Friday, September 21, 2007


One of our priorities at CTK is worship. We say that we want to make worship our lifestyle, not just what we do when we come together to sing, teach and pray. But there is no question that what happens when we come together in our worship services sets a tone for the worship we want to see during the week. This means that the worship leaders must be the lead worshippers.

Elijah Tadema, our new Director of Worship at the CTK Burlington Worship Center, recently sat down with the members of the worship team and told them "When we get together for worship practice we are not just going to practice our music, we are going to practice our worship - we are going to practice worshipping." I like that. After dealing with the technical details of the upcoming service (transitions, etc.) the team spends time worshipping together. Elijah understands that skillful worship leading involves both hands and heart. To be tuned up instrumentally, but not tuned up spiritually, is to be half-prepared. Spiritual ends require spiritual means.
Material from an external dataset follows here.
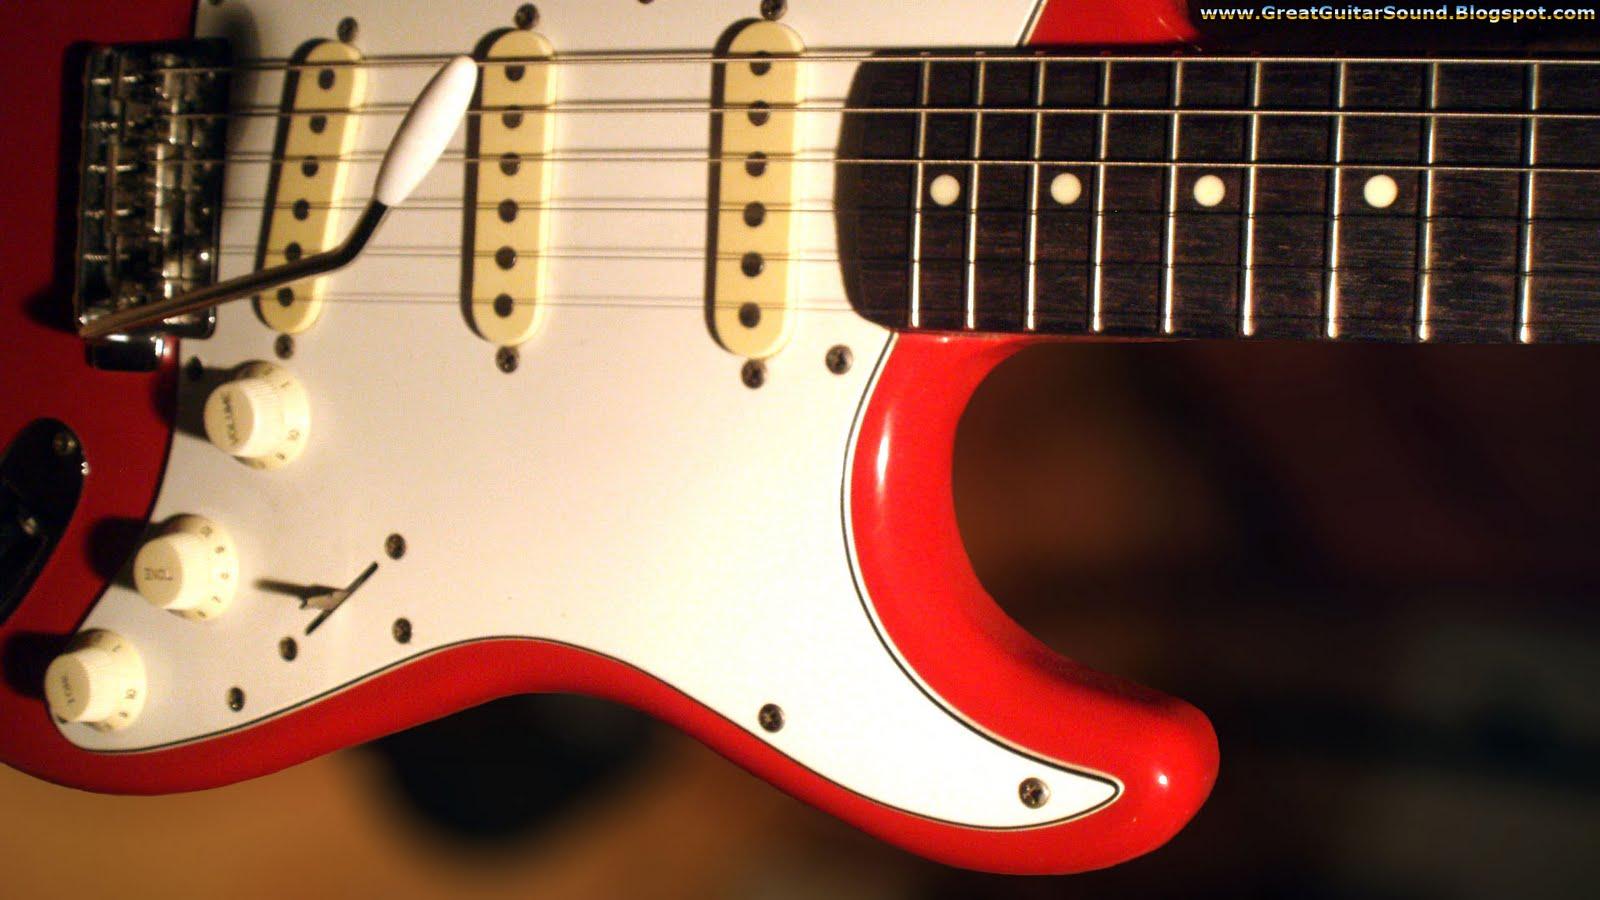 Guitar Wallpaper 3D Effect Fender Stratocaster Electric guitar 1600x900

To mount an effective attack on the enemy, you must develop both an "air war" and "ground war." The air war is your weekly service; your presentation ministry. The ground war is your small groups; your personal ministry. Your air attack gives cover for your ground attack. Your ground attack retains the advances made from the air (spiritually, things are softened up by preaching, but the ground is won and held in community). Worship Centers lacking a strong air attack (teaching, worship) will have few newcomers. Worship Centers lacking a strong ground attack (small groups) will have poor retention (the revolving door).